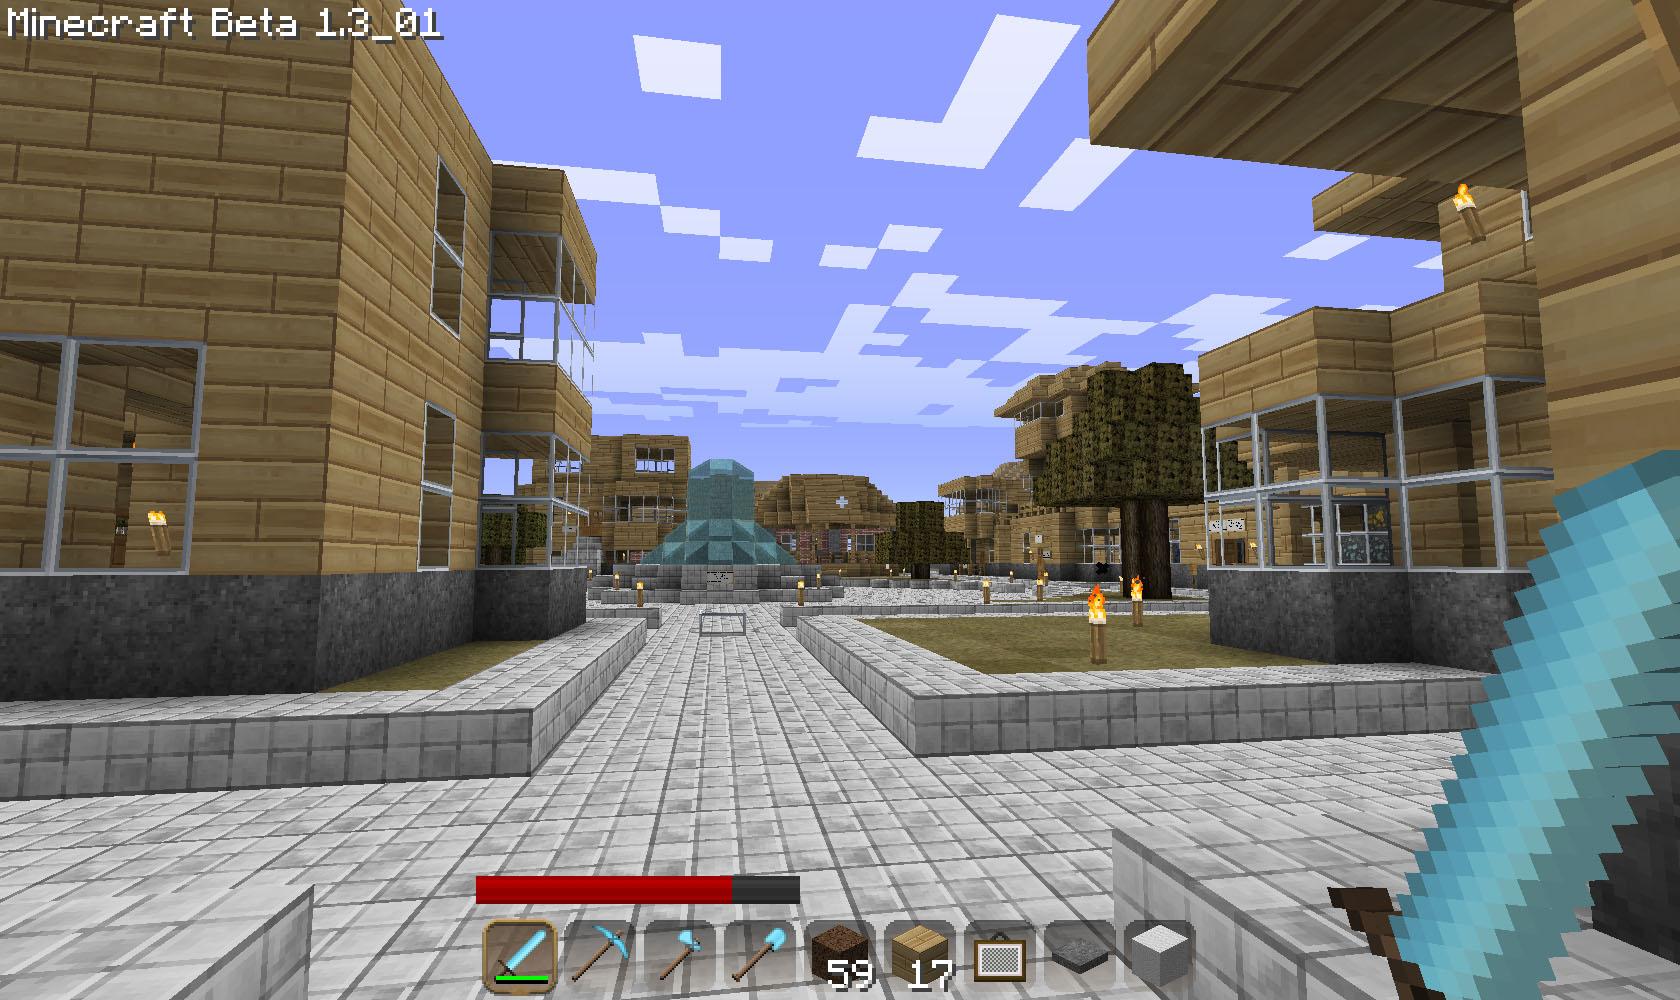 MyCraft Minecraftfr
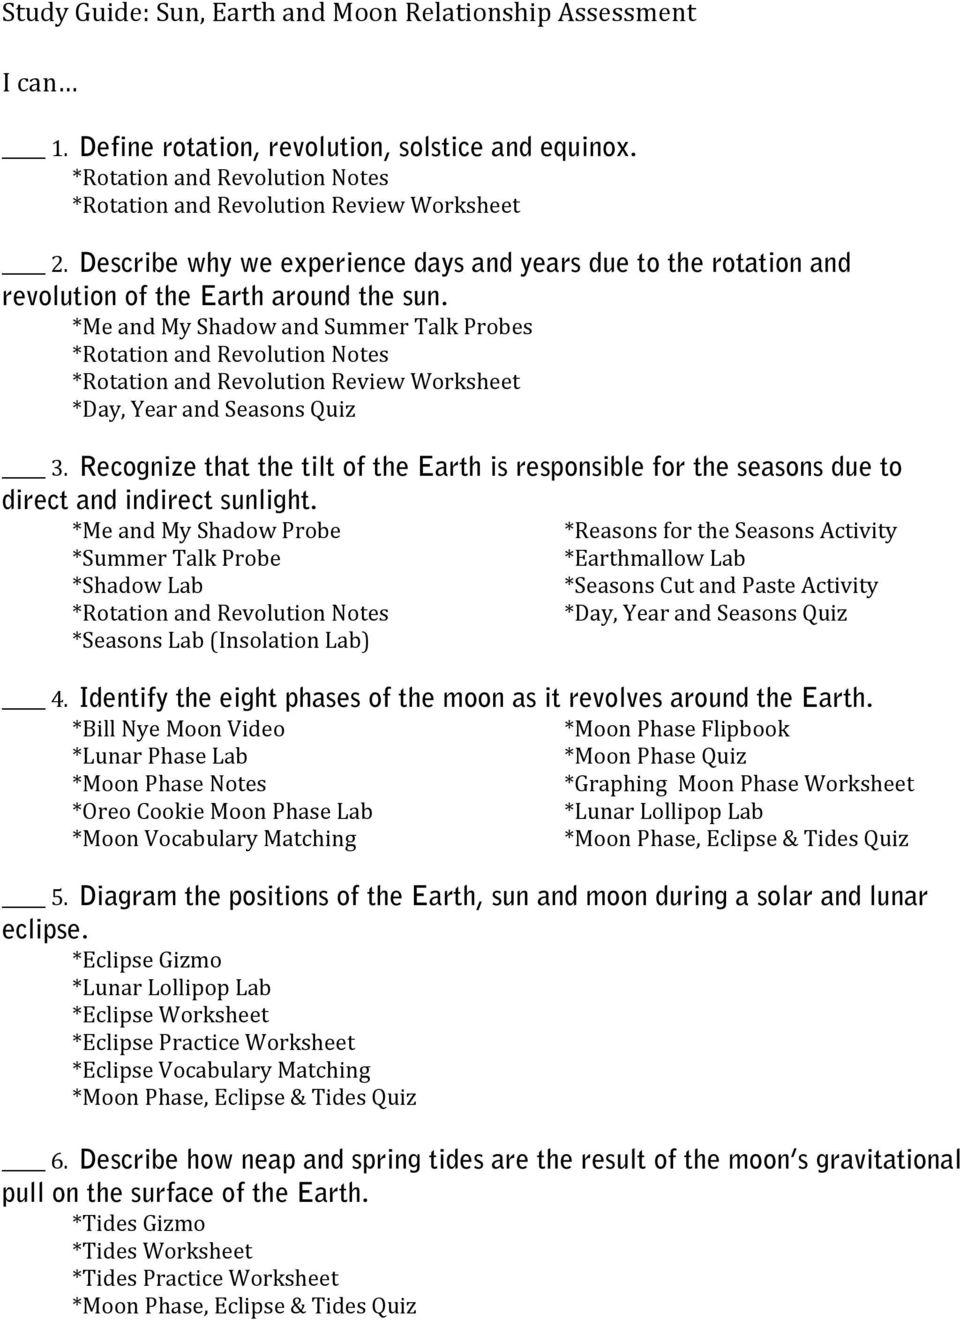 hight resolution of Study Guide: Sun
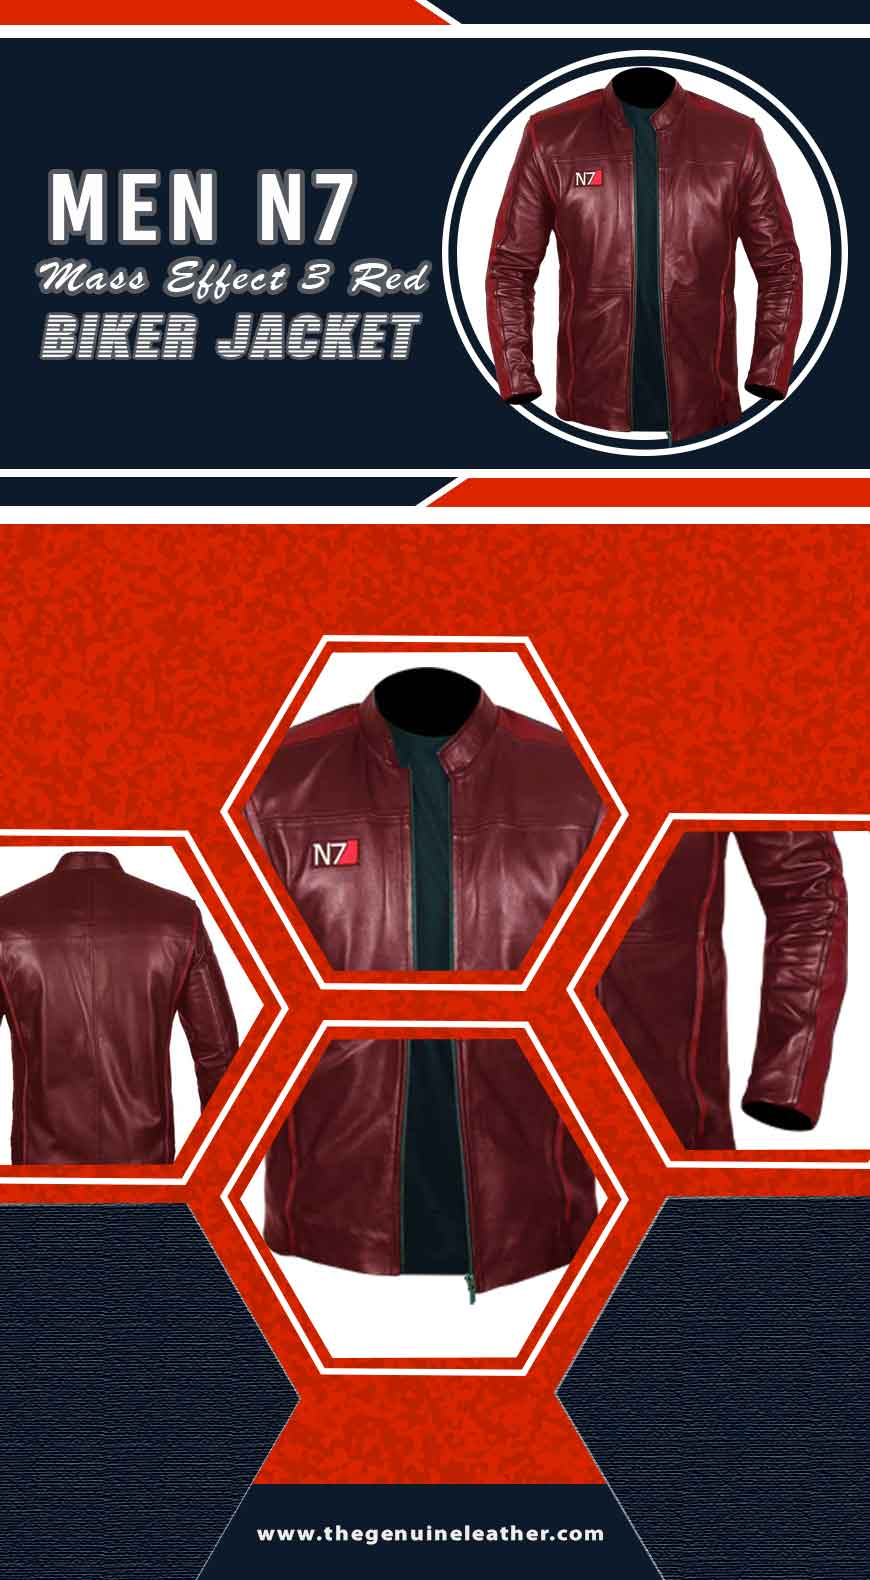 Men N7 Mass Effect 3 Red Biker Jacket

Assigned task -> From the first line to the last, retype the material exactly and exclude the pictures.

Expected answer ->
 MyCraft Minecraftfr
 hight resolution of Study Guide: Sun
 Men N7 Mass Effect 3 Red Biker Jacket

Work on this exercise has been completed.